During February and March 1941, Bulvičius, together with K. Antanavičius and Juozas Vėbra prepared a plan for the LAF insurrection. According to the agreement between LAF groups in Kaunas and Vilnius, Kaunas group should solve organisational matters of the uprising, and Vilnius group should focus on political and military matters as most of the members of the former Lithuanian Army were stationed in Vilnius and its environs. During a meeting on 22 April, members of Vilnius and Kaunas LAF agreed on the composition of the Lithuanian Provisional Government in which Bulvičius was foreseen as a Minister of Defense.

==Arrest and execution==
Bulvičius' group was tracked down by detecting their radio sessions. The radio was confiscated on 6 June. Bulvičius was arrested by the NKVD on 9 June. In total, the NKVD arrested a total of 16 people connected with "Bulvičius group". After almost the entire leadership of Vilnius LAF was arrested, the Kaunas LAF took the leading role in the planned uprising. During the June deportation which took place a week after Bulvičius' arrest, 236 Lithuanian officers were arrested. On 22 June, Germany invaded the Soviet Union. The arrests made the June Uprising against the retreating Red Army weaker in Vilnius. Nevertheless, Lithuanian rebels engaged in shootouts with the retreating Red Army and the Germans were able to enter the city without resistance on 24 June.

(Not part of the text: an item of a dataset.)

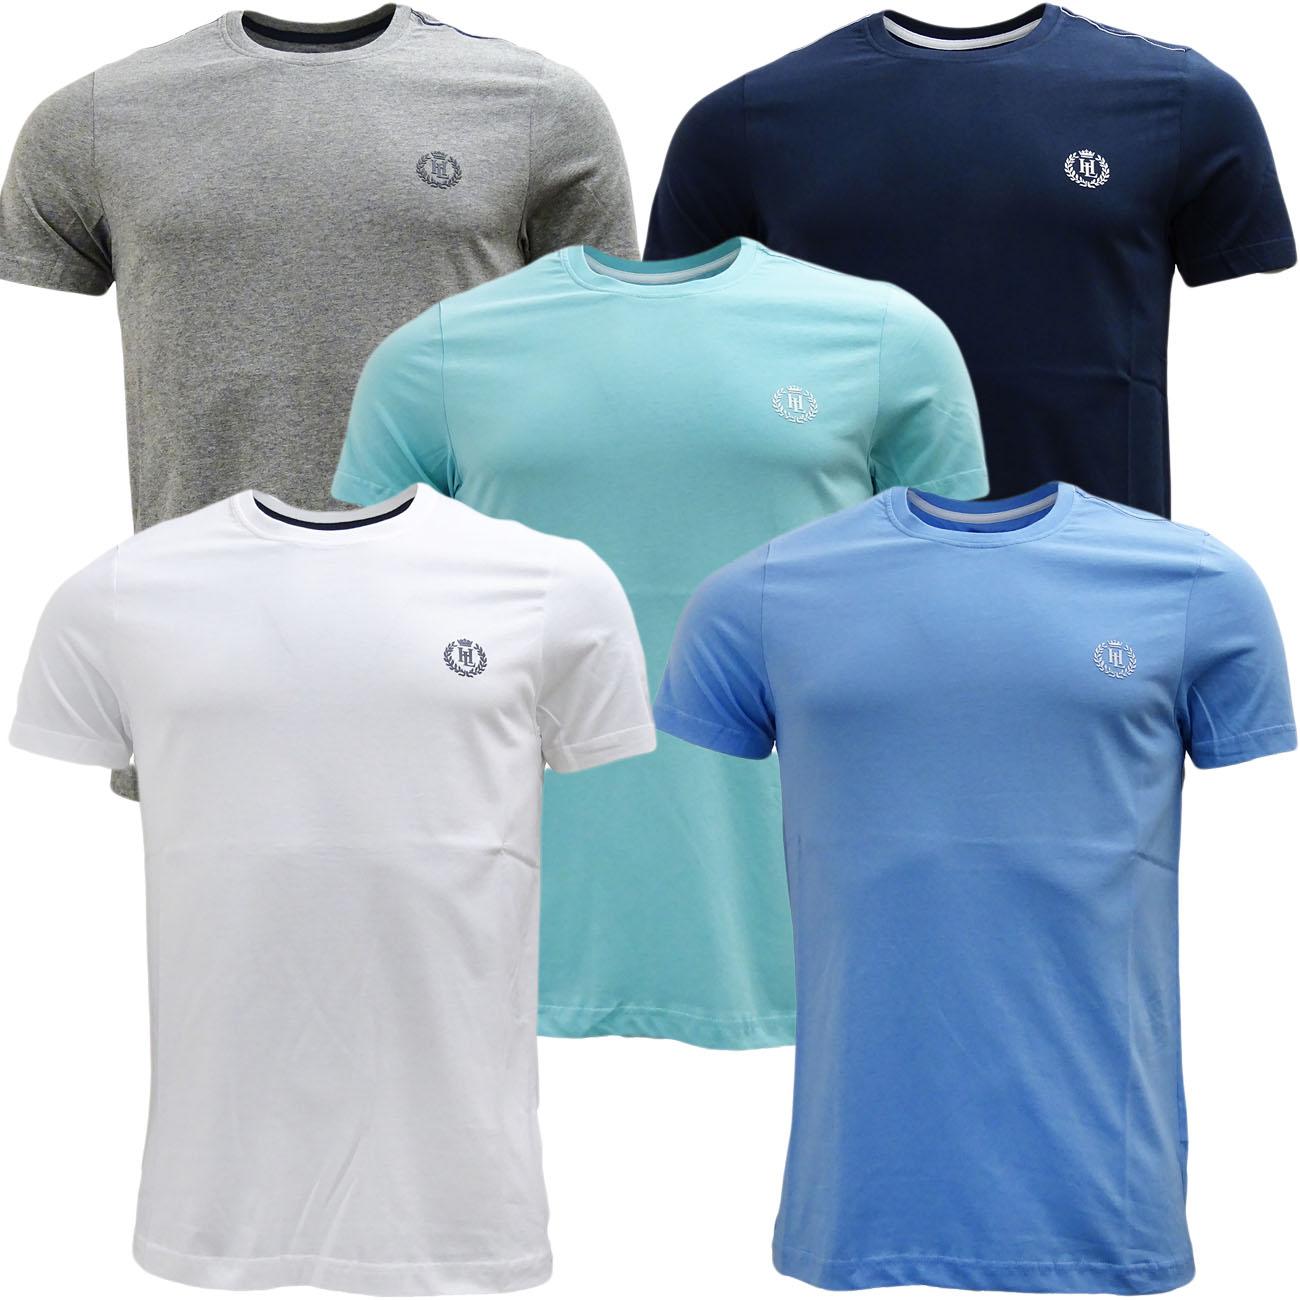 Henri Lloyd Plain T Shirt 'Radar'
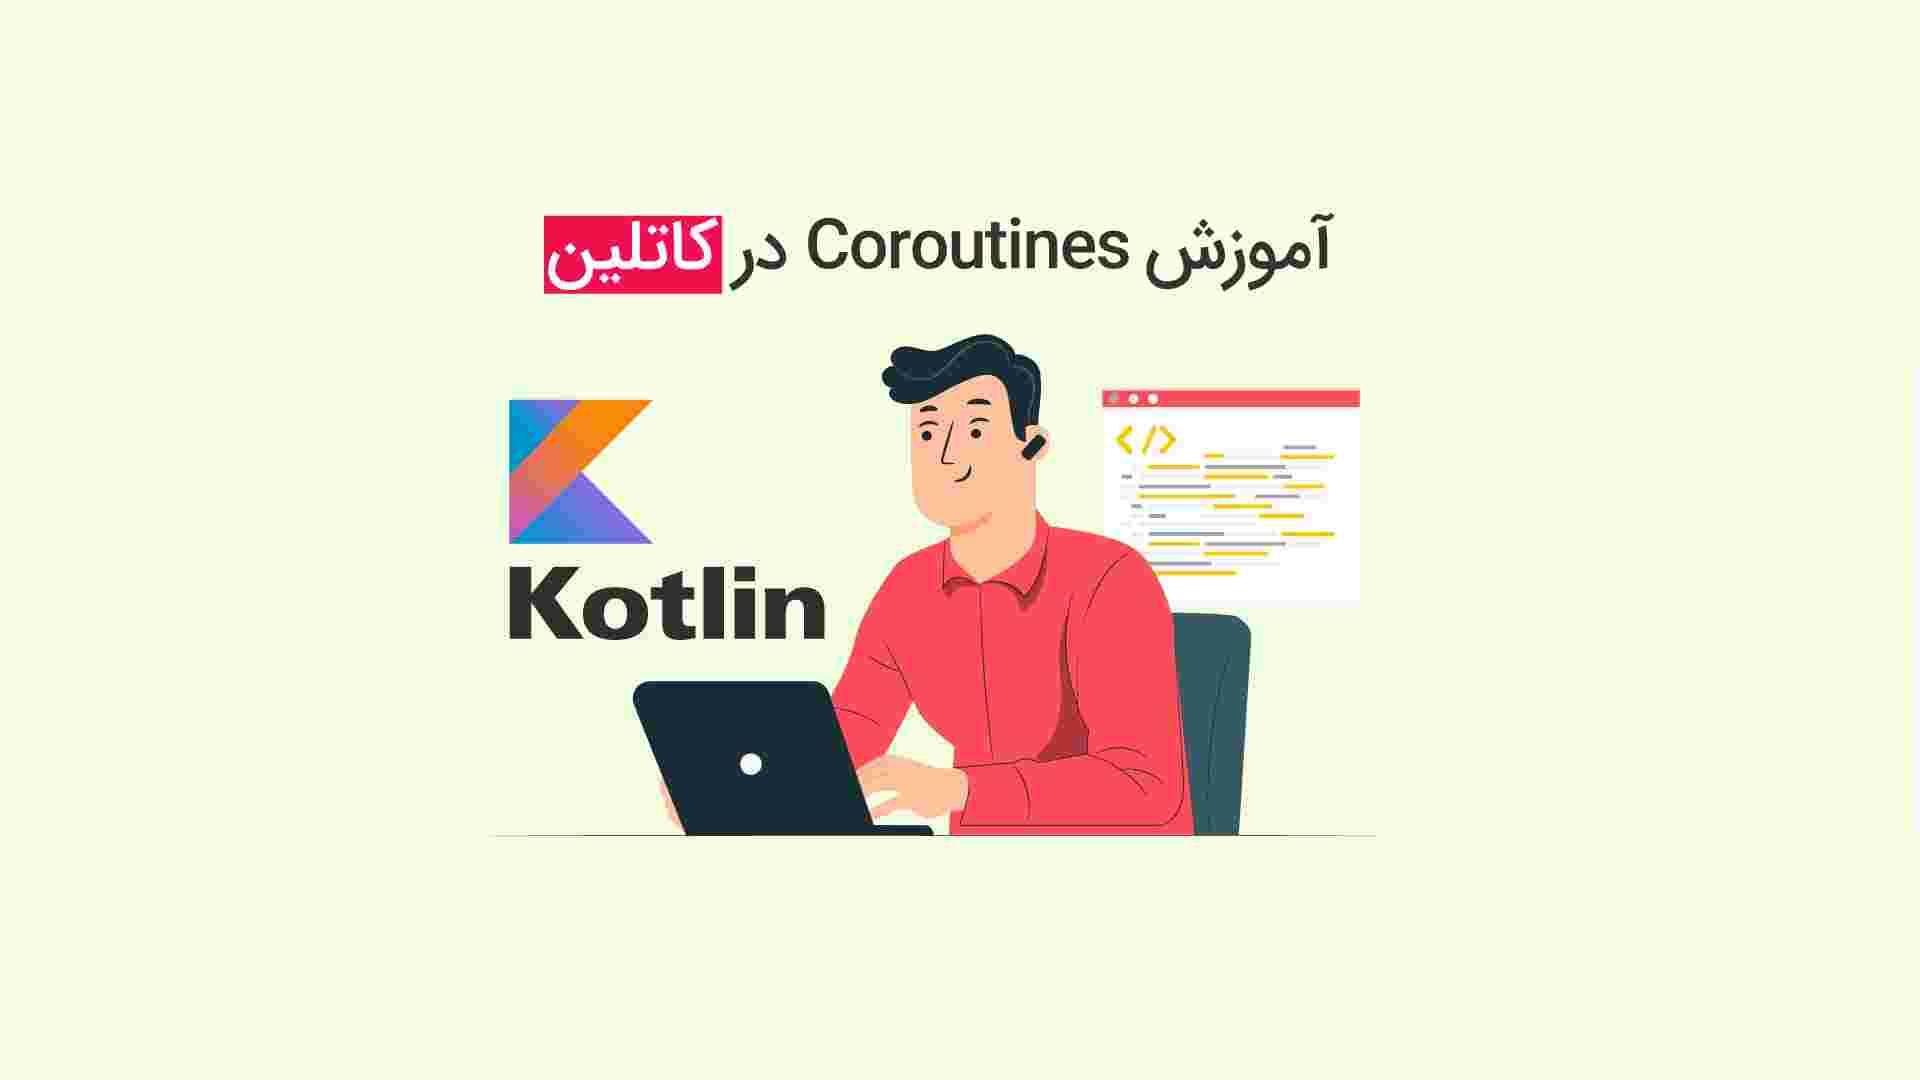 آموزش Coroutines در کاتلین

As Germans were rapidly advancing, the NKVD hurried to evacuate 1,700 political prisoners into the interior of Russia. The prisoners were placed in train wagons at the Vilnius railway station. After a German aviation attack, anti-Soviet insurgents managed to uncouple several wagons thus saving some of the prisoners. At 4am on 24 June, twenty wagons with more than 600 political prisoners, including Bulvičius' group, were deported deep into Russia. On 9 July, Bulvičius was transported to the Prison no. 1 in Gorky (now Nizhny Novgorod). After long torture and interrogation on 26–30 September and trial on 26–28 November 1941, Bulvičius was sentenced to death by the Military Tribunal of the Moscow Military District. Bulvičius was likely executed in the prison and possibly was buried in the nearby Bugrovskoe Cemetery. Seven other members of Vilnius LAF were also executed the same day – Antanas Skripkauskas, Juozas Kilius, Juozas Radzevičius, Leonas Žemkalnis, Jurgis Gobis, Aleksas Kamantauskas and Stasys Mockaitis. Seven others were sentenced to 7 to 20 years in prison, and Aleksas Vainorius was acquitted (however, he was not released and died of tuberculosis in July 1942).

Marija Bulvičienė, wife of Bulvičius, retreated to the U.S. after the war with their two daughters.

==Awards==
- 1928: Independence Medal
- 16 February 1938: Order of the Lithuanian Grand Duke Gediminas (4th degree)
- 19 November 1997: Grand Cross of Order of the Cross of Vytis (posthumously)

==Legacy==
On 20 June 2009, a bas-relief by sculptor Stasys Žirgulis of the leaders of the June Uprising was unveiled in the building of the Vytautas Magnus University. The relief honors six professors and students of the university who were the most active leaders of the Lithuanian Activist Front – Vytautas Bulvičius, Adolfas Damušis, Juozas Vėbra, Leonas Prapuolenis, Pilypas Narutis, and Juozas Ambrazevičius.

A training centre of the Lithuanian National Defence Volunteer Forces is named after Major Vytautas Bulvičius.